So, to boil it down to a few practical examples. A members blog site might highlight particular knowledge that they have, or highlight things to look for and things to avoid. I advise people to take questions or examples they get in their trade and blog them. Have a disastrous scenario? Get what value you can from it, and write a somewhat self mocking ‘don’t let this happen to you story’. Someone asks you whether they think interest rates will go up or down (e.g. is this a good time to buy)… rather than trying to formulate an answer to this complex question, I would suggest they say that this is such an interesting question that they will have to write their response in a blog. If one person is asking the question, there are certainly more out there, so the philosophy becomes to put your wisdom where your website is, and post that content, that knowledge, online. (for example, my post on the best time to buy.

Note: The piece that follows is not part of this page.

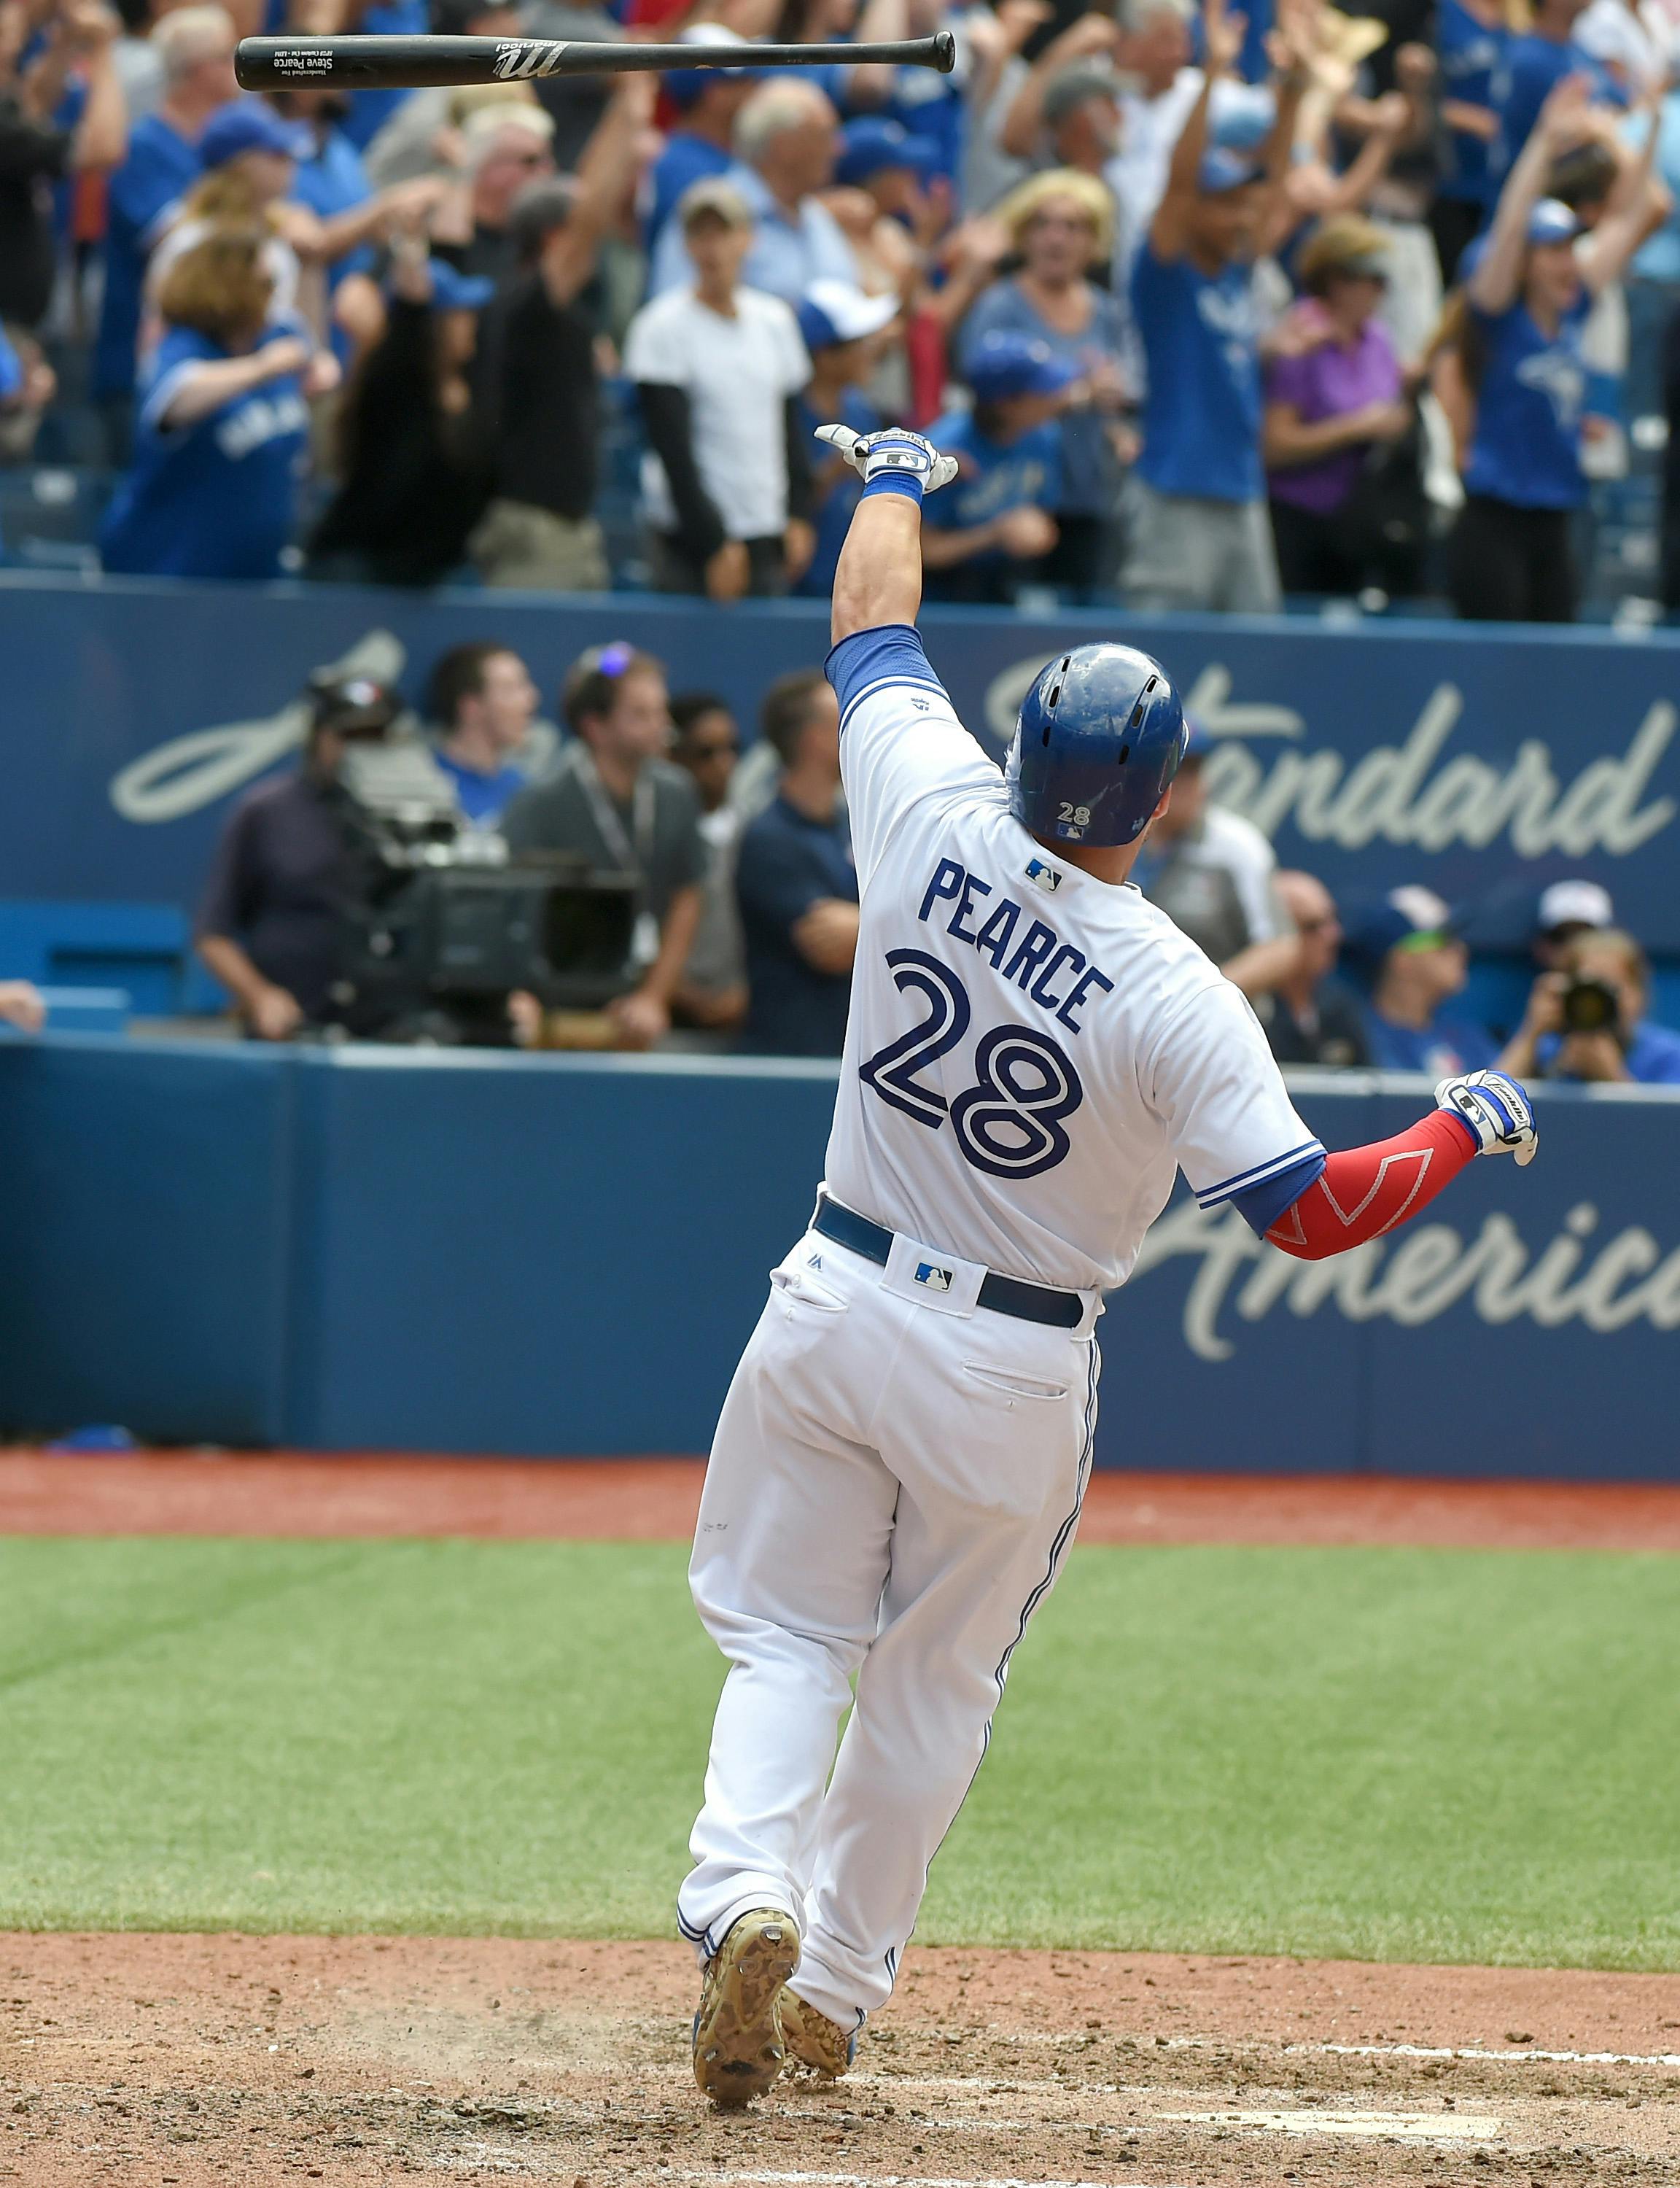 Yankees acquire Steve Pearce, outfielder/first baseman, from

So, if you are not blogging, here is the easy way to get started; take the questions and feedback that you receive, and write about it. Find relevant current events and issues that have lead-ins to your professional services and expertise, and write about them. Another example; when I heard on the radio on my drive home recently that the first baby boomer had retired, by the time I got home this post was already written in my head.

The topic, the question, the mishap, the comical event, begs the post. This is the key to blogging. It is not contrived content, for the most part. Most of the best blogs are somewhat raw content, written train of thought. That being said, there is something to be said for spell checking and including some editing and organization, and relevant imagery is very powerful (I suspect that in part the good use of imagery is why this post on imaging and surface computing is far and away the most consumed post I have written, and bizarrely growing, not shrinking, in daily readership). But this also raises another critical point and illuminates why blogging is so powerful. That post had several score readers in September when it was posted. Slightly more in October, then down a few in November. Total readership by december 1 was still less than 200. Then somehow, somewhere, it got syndicated. For most of december it was being read by 50 people a day. Content that I thought had already run its course suddenly started to yield big results, and december will see that particular post read by nearly a thousand people.

Blogs will become the journalism of the future. This is both a good and a bad thing. It is a good thing in that it gives us all the power to exercise our voice, raw and uncensored, across the planet. It is a bad thing in that it gives us all the power to exercise our voice, raw and uncensored, across the planet. This is a factor worth considering as you mull this over. If the content isn’t interesting, compelling, controversial… something, then there is not much point.

How to get started blogging? Well, it starts with writing, in your style, your voice, about something… My suggestion would be to watch the headlines. Pick something you know something about, and express that knowledge in the form of an opinion. Mark Flavin, my co-author and mirror at Bayeast, exclaimed loudly that a post I wrote recently, essentially as a rant in reaction to a Yahoo news story, is far and away the best thing I have ever written.

I tend to disagree, but that is precisely what the blogger needs to avoid. Write yourself, let the audience figure it out.

the blame game, lets get REAL

Posted by admin on December 21st, 2007

While I work within the ‘traditional’ real estate structure, I am certainly not an apologist for the real estate industry or REALTORS® in particular, nor for the mortgage industry or any other sector of the broader whole. When I hear that the real estate industry is under assault from the media, I try to take a balanced approach and see both sides.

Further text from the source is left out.